Work item
A word-for-word copy of the following listing is needed. Leave out its images.

Material provided
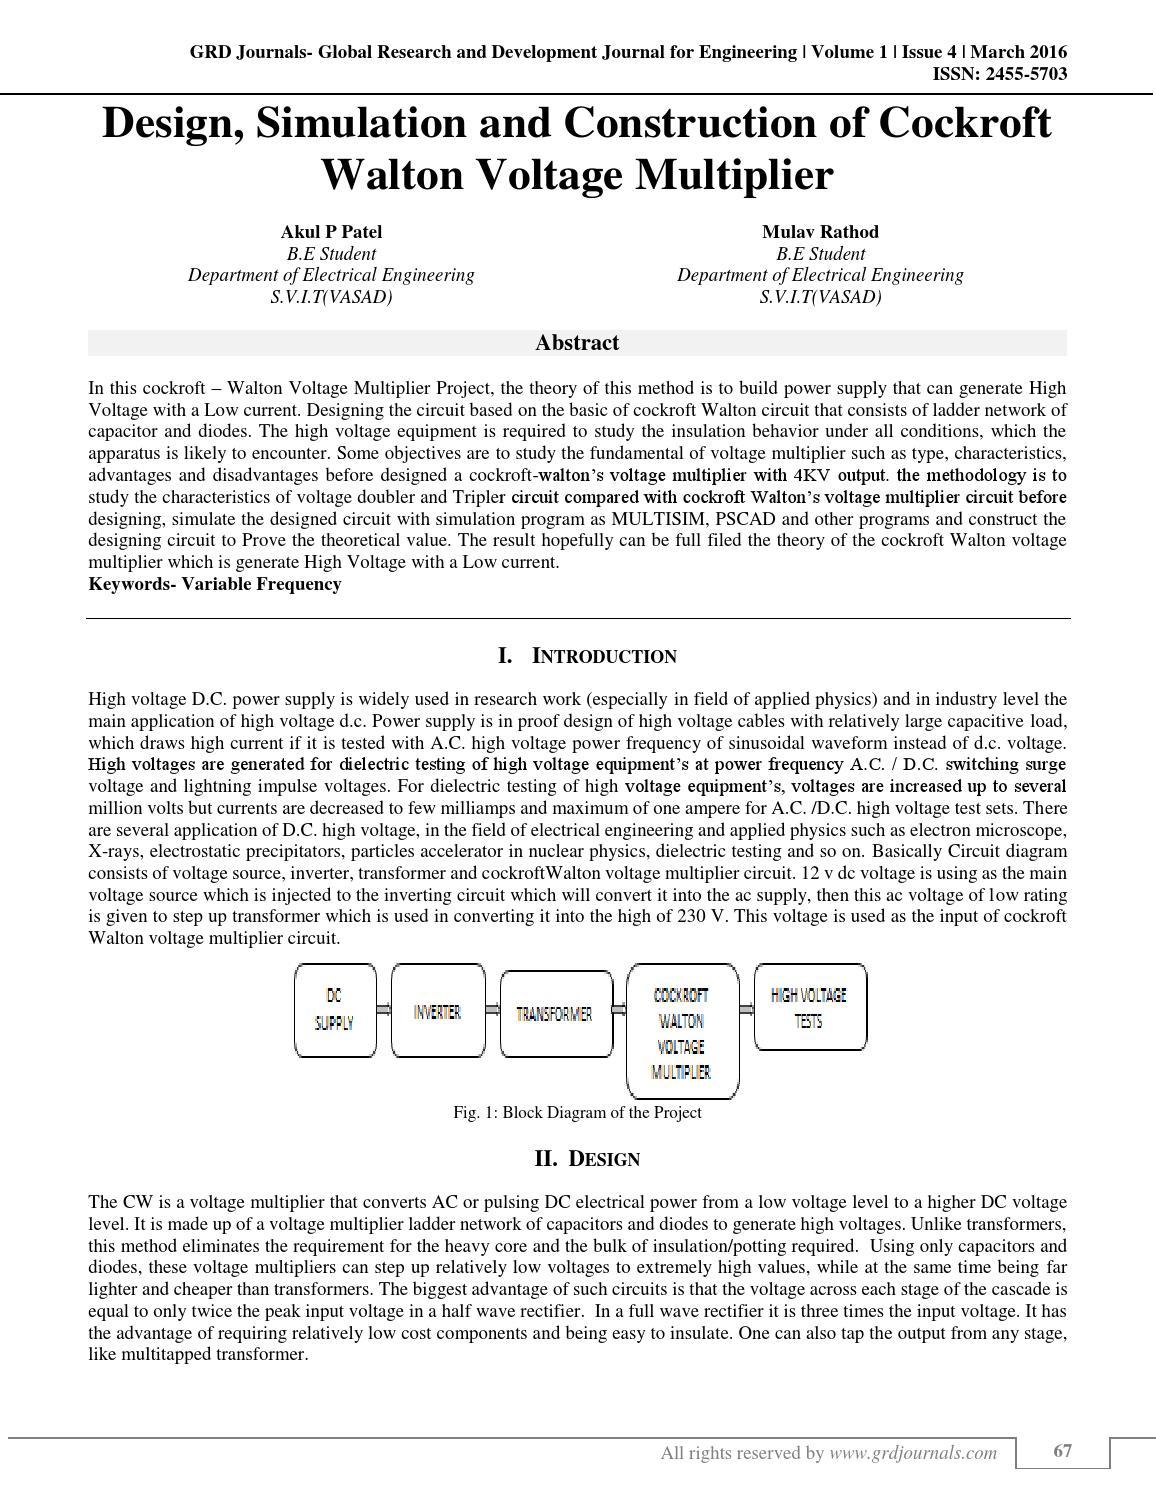 Design, Simulation and Construction of Cockroft Walton Voltage
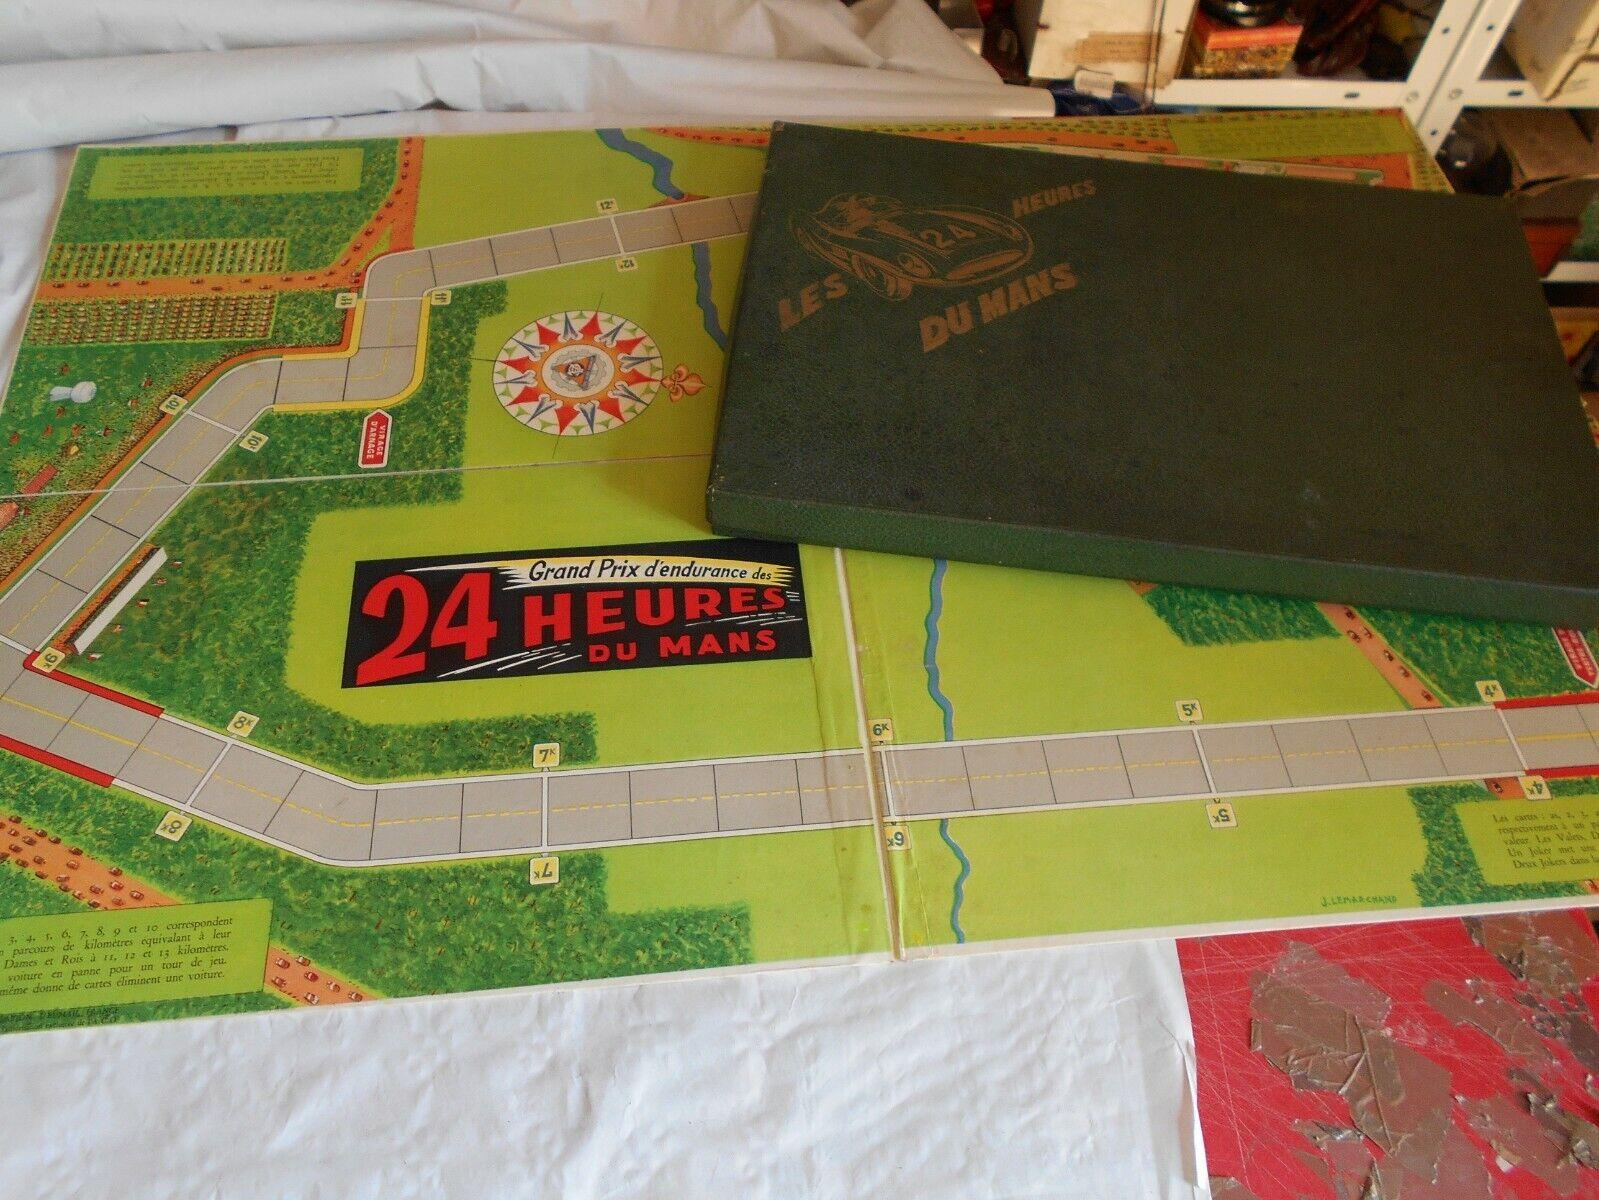 Vintage game Les 25 heures Du Mans 1950s Le Mans racing game french
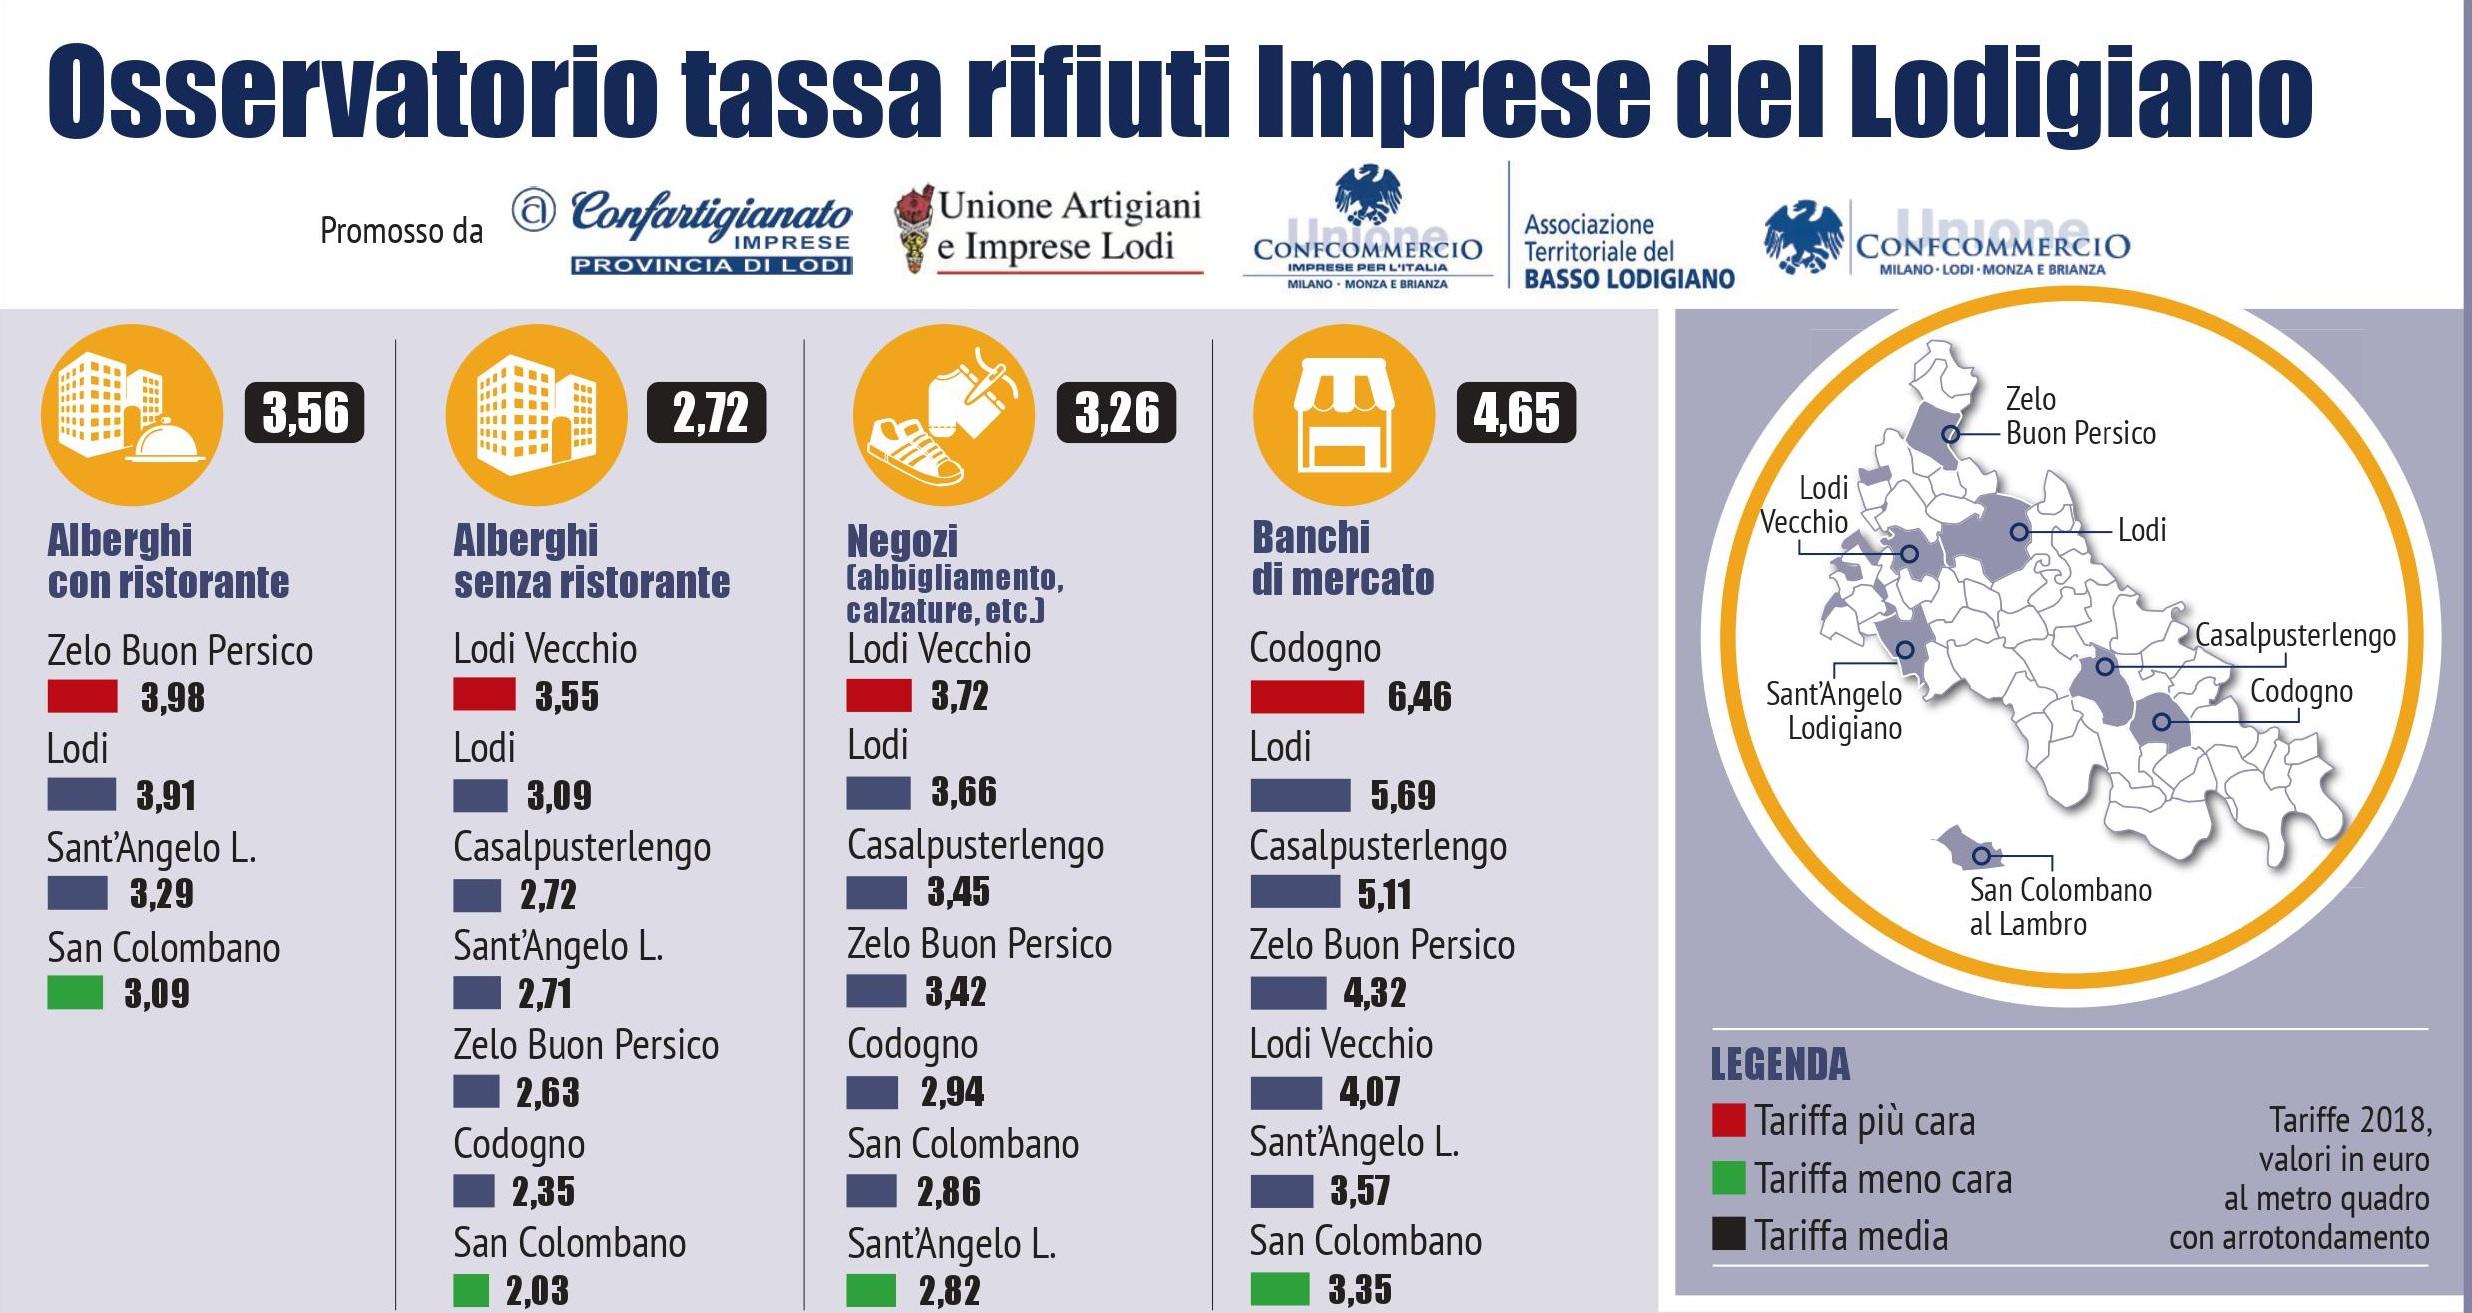 Osservatorio tassa rifiuti imprese del Lodigiano

Answer to this task
 Design, Simulation and Construction of Cockroft Walton Voltage
 Vintage game Les 25 heures Du Mans 1950s Le Mans racing game french
 Osservatorio tassa rifiuti imprese del Lodigiano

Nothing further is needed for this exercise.